Personal information
- Born: 3 March 1909
- Died: 29 June 1982 (aged 73)
- Original team: Balldale
- Height: 185 cm (6 ft 1 in)
- Weight: 82 kg (181 lb)

Playing career^{1}
- Years: Club / Games (Goals)
- 1931–33: St Kilda / 42 (46)
- ^{1} Playing statistics correct to the end of 1933.

= Jack Anderson (footballer, born 1909) =

Australian rules footballer (1909–1982)

Jack Anderson (3 March 1909 – 29 June 1982) was an Australian rules footballer who played with St Kilda in the Victorian Football League (VFL).

==Family==
Jack was the older brother of North Melbourne player, Frank Anderson.

==Football==
In 1930, Mr. Jack Anderson - Balldale FC, tied for the Peace Medal for the best and fairest player award in the Corowa & District Football Association with W. Hall of Howlong FC.

Anderson made his debut for St.Kilda in round eight, 1931 against Footscray at the Junction Oval, eventually playing 42 games and kicking 46 goals between 1931 and 1933. He represented Victoria at the National Football Carnival in 1933.

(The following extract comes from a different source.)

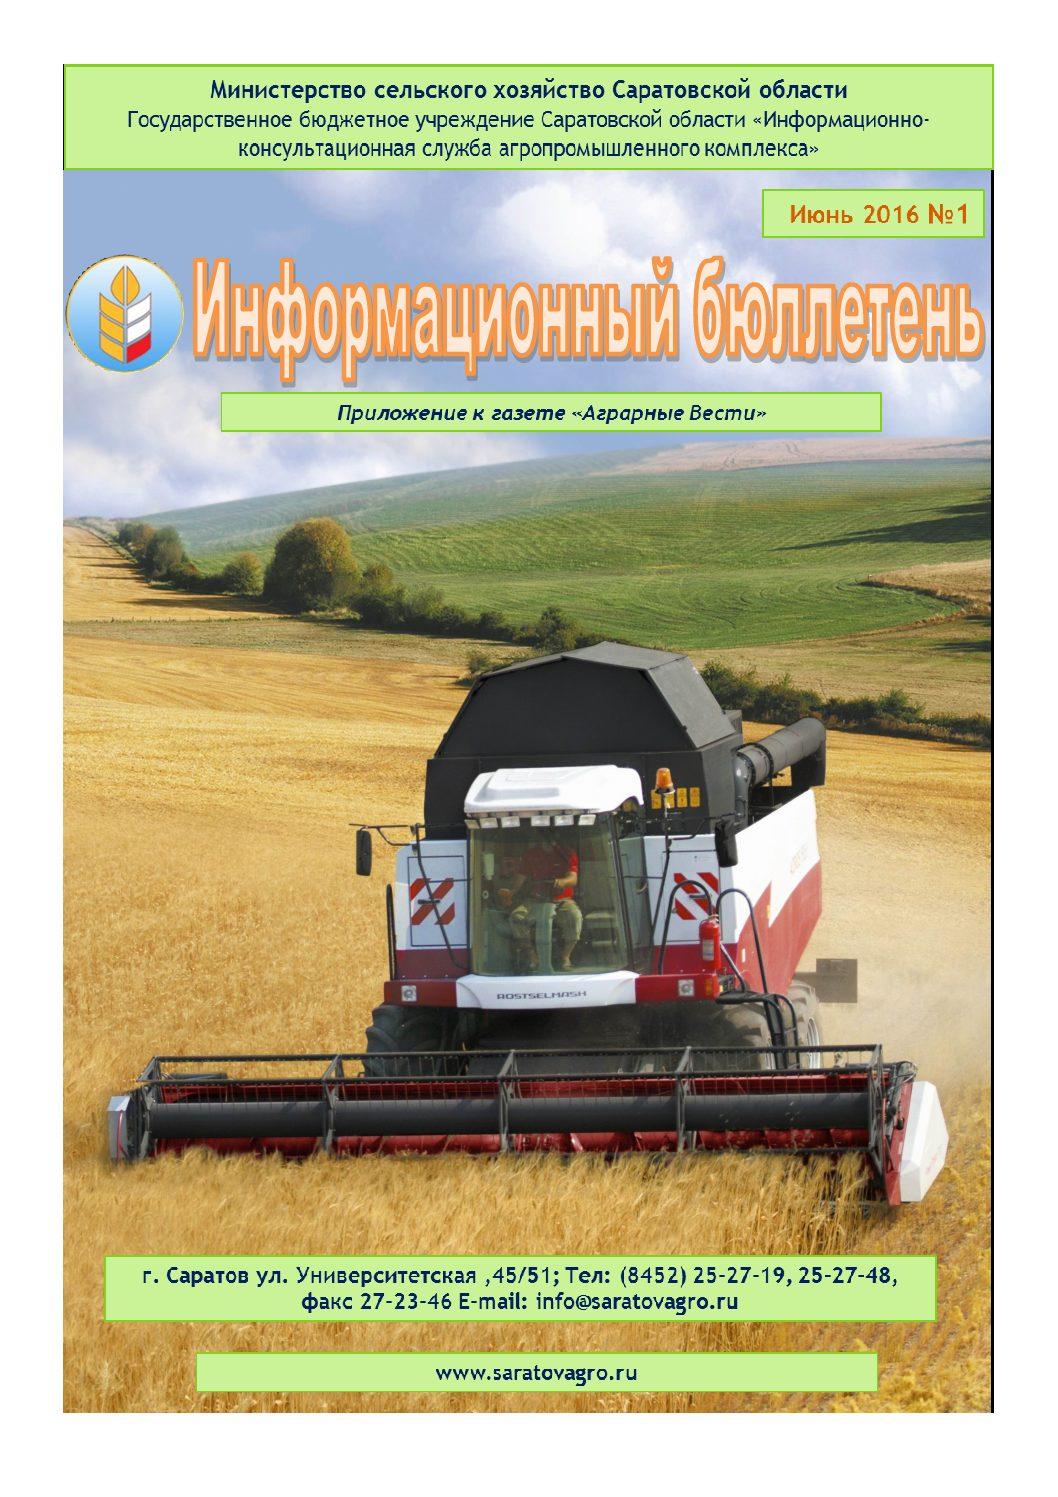 https://saratovagro.ru/wp-content/uploads/2020/08/№1-июнь-pdf.jpg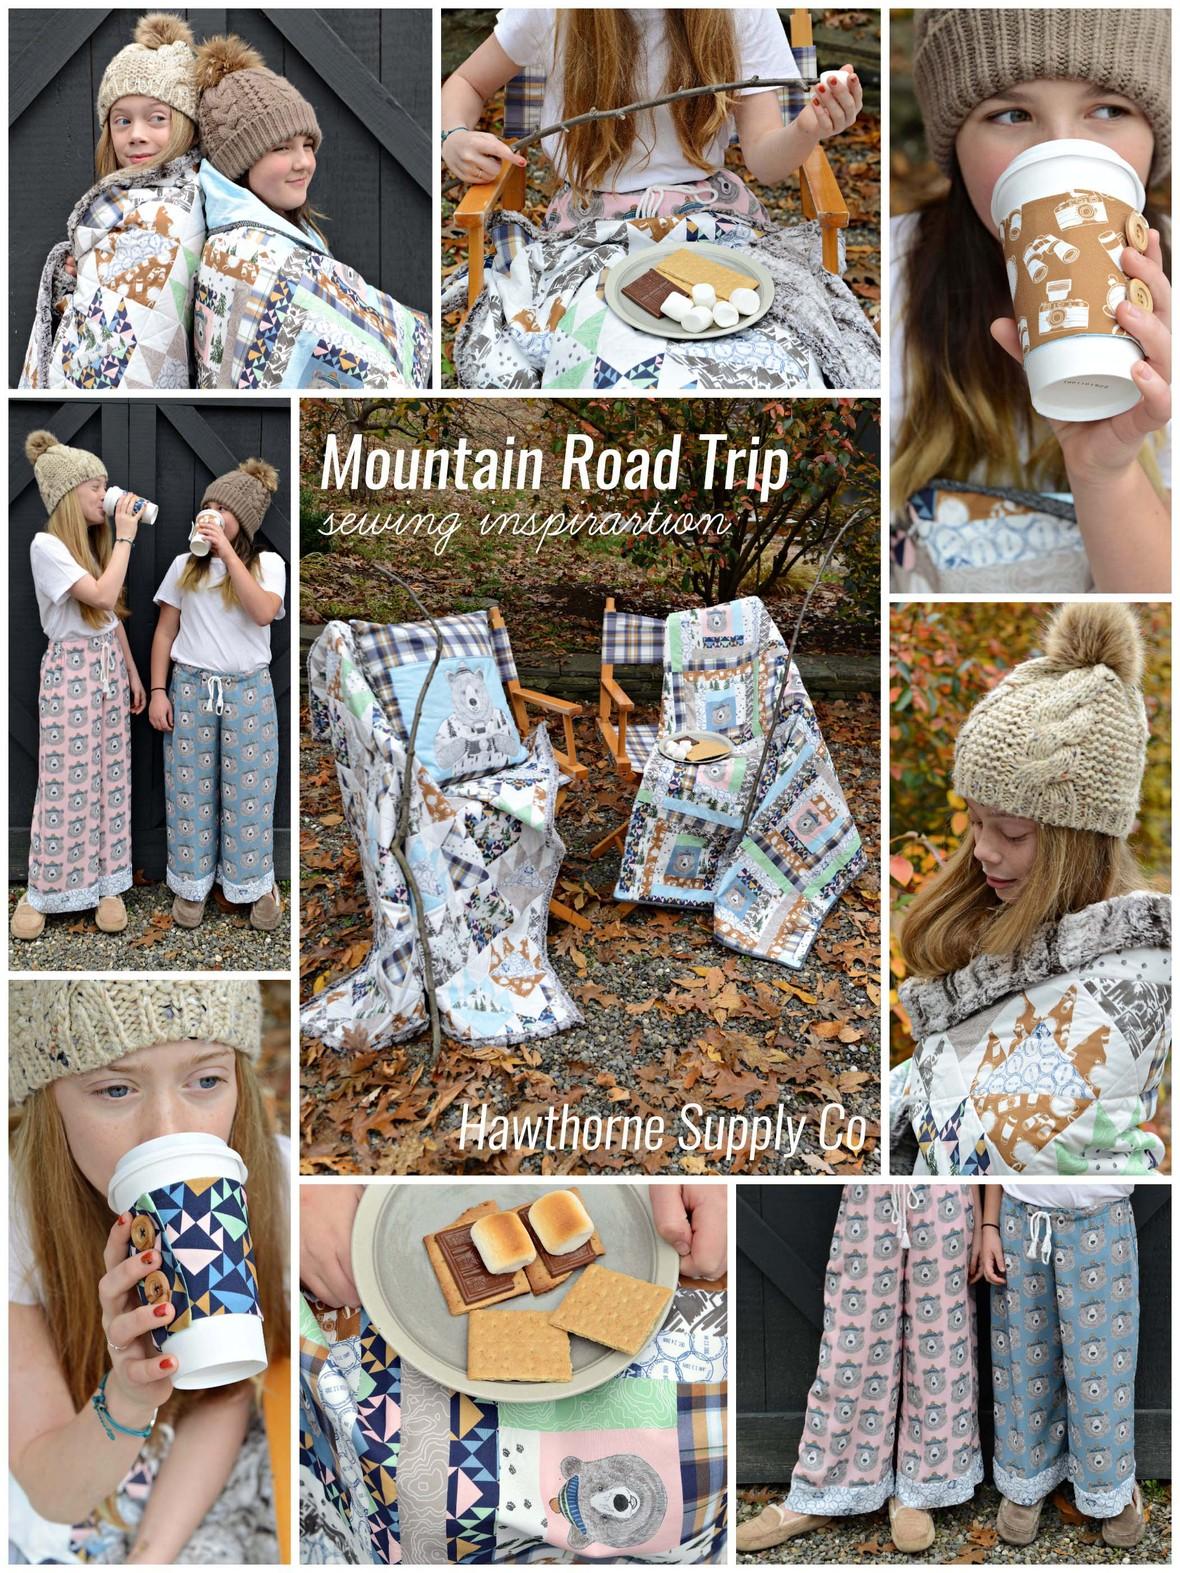 Mountain Road Trip Fabric sewing inspiraation

Anderson moved over to Western Australian and played with West Perth from 1934 to 1936, including their 1934 WAFL premiership and 1935 WAFL premiership.

In 1937, Anderson returned to Victoria and commenced training with St.Kilda again. There were rumours that Melbourne were after him as well. Anderson eventually moved to Bendigo as captain / coach of Eaglehawk in 1937. Anderson got them to the preliminary final, but they lost to South Bendigo.

Anderson returned to Western Australia in 1938 and played with West Perth again, who finished on the bottom of the ladder. A "Cardinals" fairest and best award winner in 1934 he played 71 WAFL games and bagged 78 goals from 1934 to 1936 and in 1938. He also played interstate football for Western Australia in 1934, 1935 and 1936 too.

The following year, Anderson played with the Railways Football Club in their 1939 Kalgoorlie Goldfields Football League premiership win. Anderson was club captain of the Railways FC in 1940.